# My new trench scene.



## Jasoncyper85 (Oct 26, 2021)

Hi everyone. I’m new here. I thought I’d share my progress on my trench scene I’m creating. And I’d like some feedback and some suggestions on what i could add. And maybe some tricks to help me along. It’s only my second attempt at anything like this. Look forward to speaking to you all.


----------



## Milton Fox Racing (May 27, 2014)

Welcome to the boards @Jasoncyper85 

Your trench really looks well done for only your 2nd attempt. There are so many directions to go from at this point. Do you already have figures and accessories in hand? What is the actual date or general month and year you want to depict? Is there a specific location?


----------



## Owen E Oulton (Jan 6, 2012)

Milton Fox Racing said:


> Welcome to the boards @Jasoncyper85
> 
> Your trench really looks well done for only your 2nd attempt. There are so many directions to go from at this point. Do you already have figures and accessories in hand? What is the actual date or general month and year you want to depict? Is there a specific location?

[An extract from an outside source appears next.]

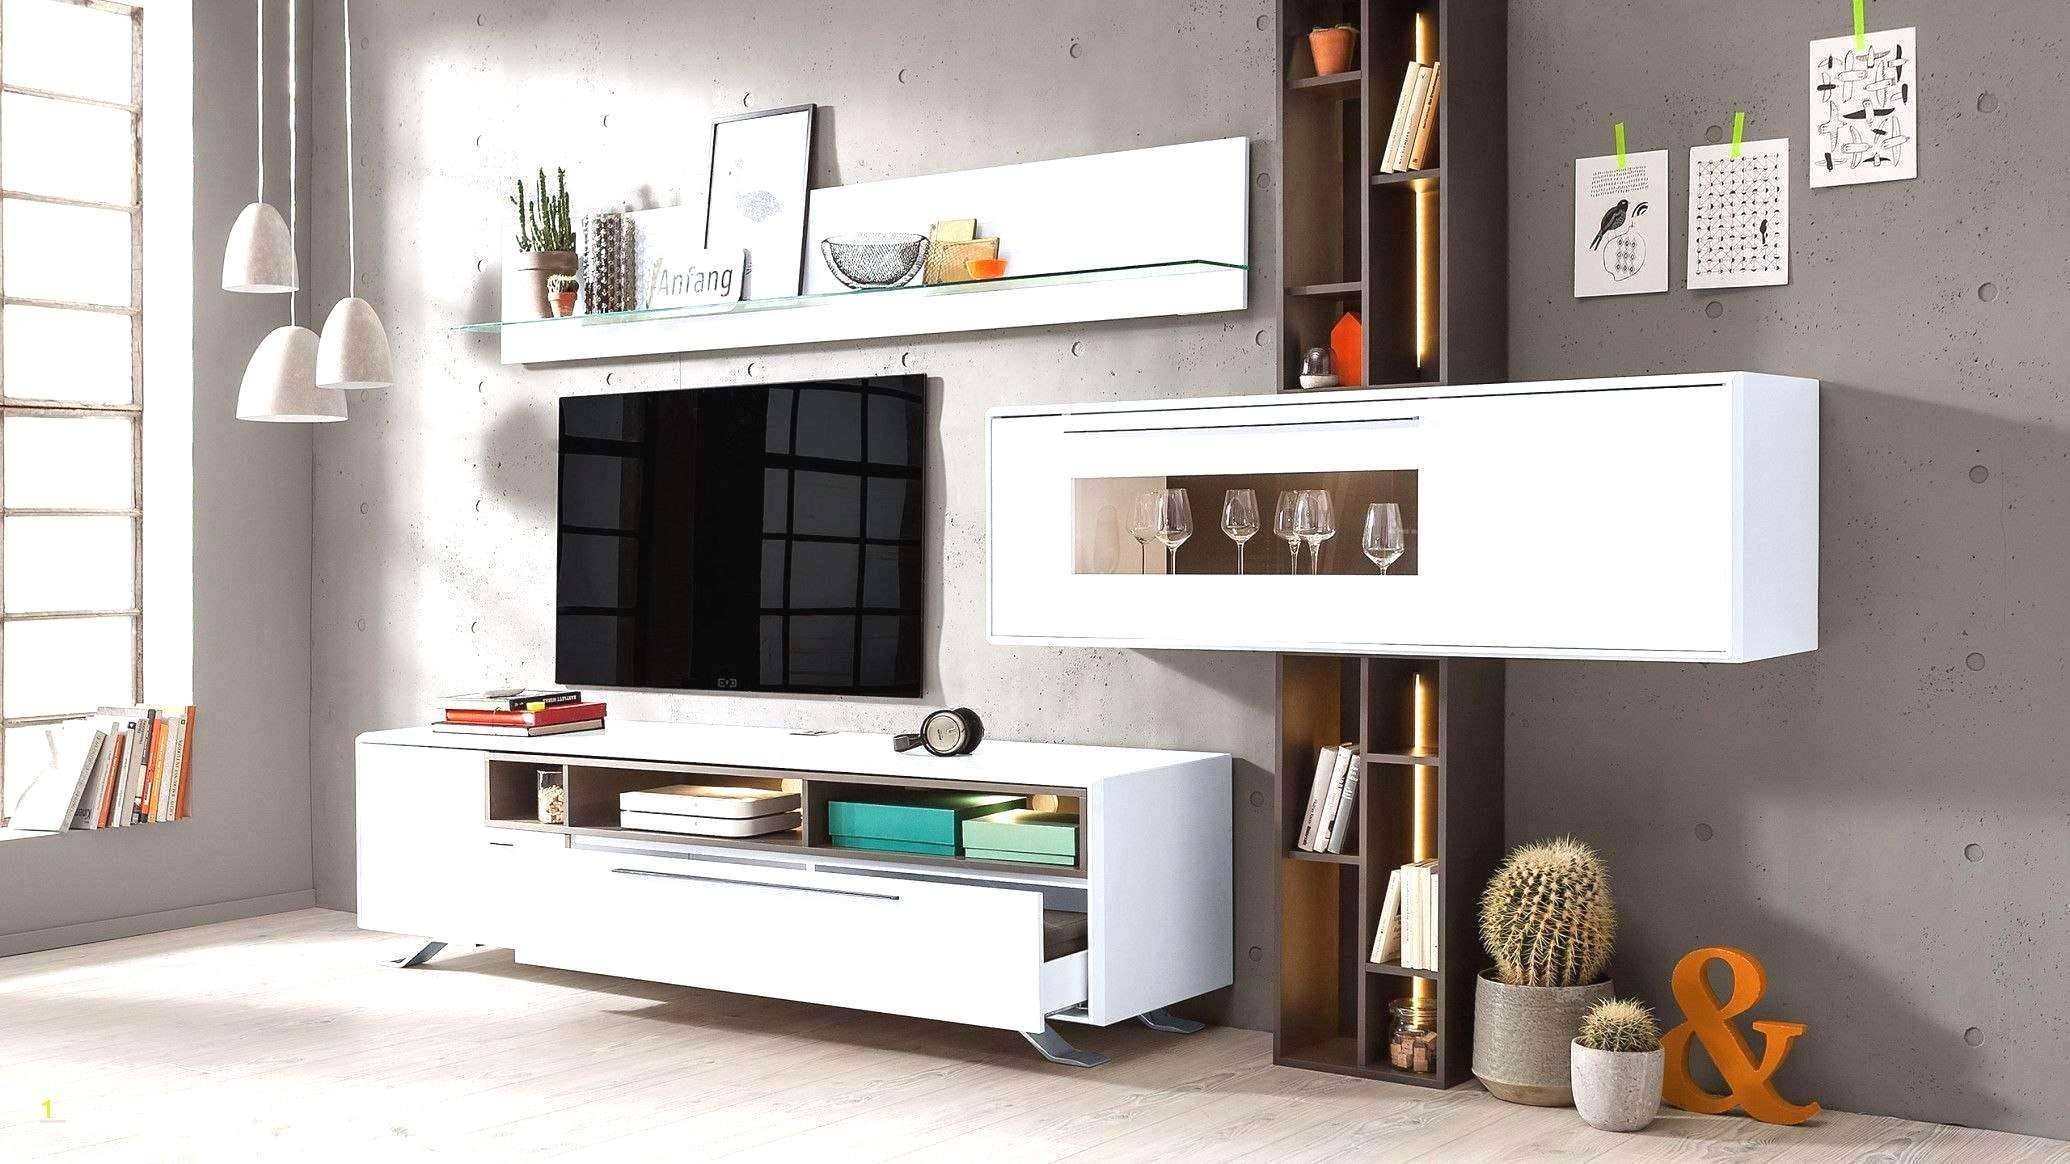 Deko Selbstgemacht Luxus Luxury Deko Ideen Selbermachen Wohnzimmer Concept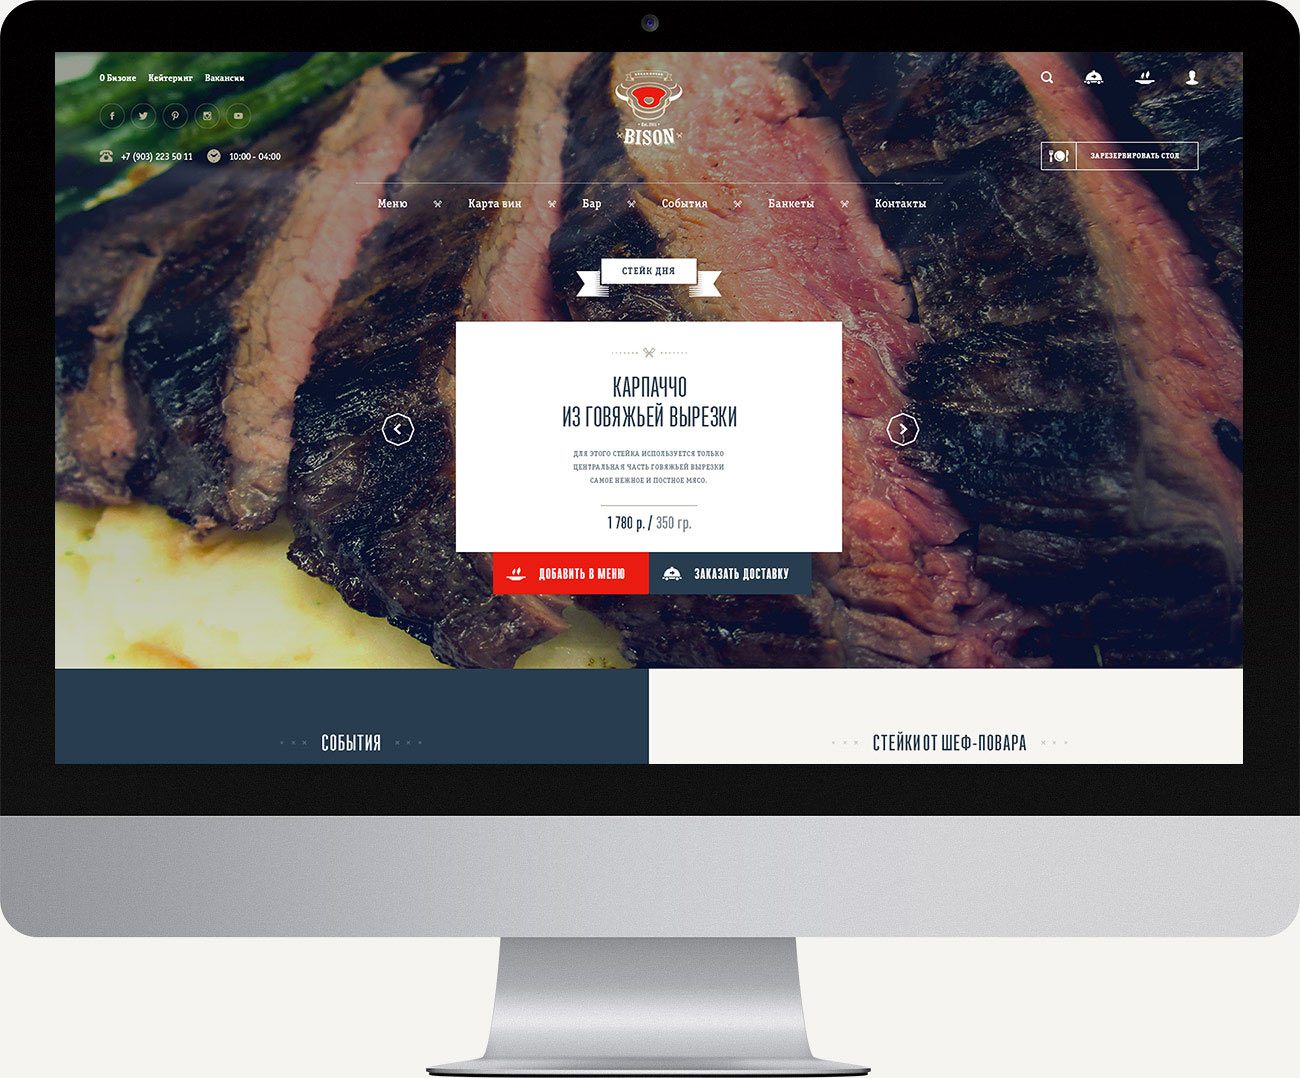 Дизайн сайта мясного ресторана Bison Steakhouse.

I agree with MFR. Beautiful work for a second attempt. The ground work looks terrific - very muddy, so I'm assuming WWI, around north-western France or Belgium. If I can make one criticism, it's that the sandbags look like pillows, meaning they're probably Tamiya or Italeri. Speaking as someone who filled way too many sandbags when they paid me to wear funky green clothing and steel hats, a better choice, a wee bit more expensive but still affordable, would be Value Gear DP003 Sandbag Walls. Value Gear Details - Diorama Pieces! Love the corrugated steel and the wooden ladder!


----------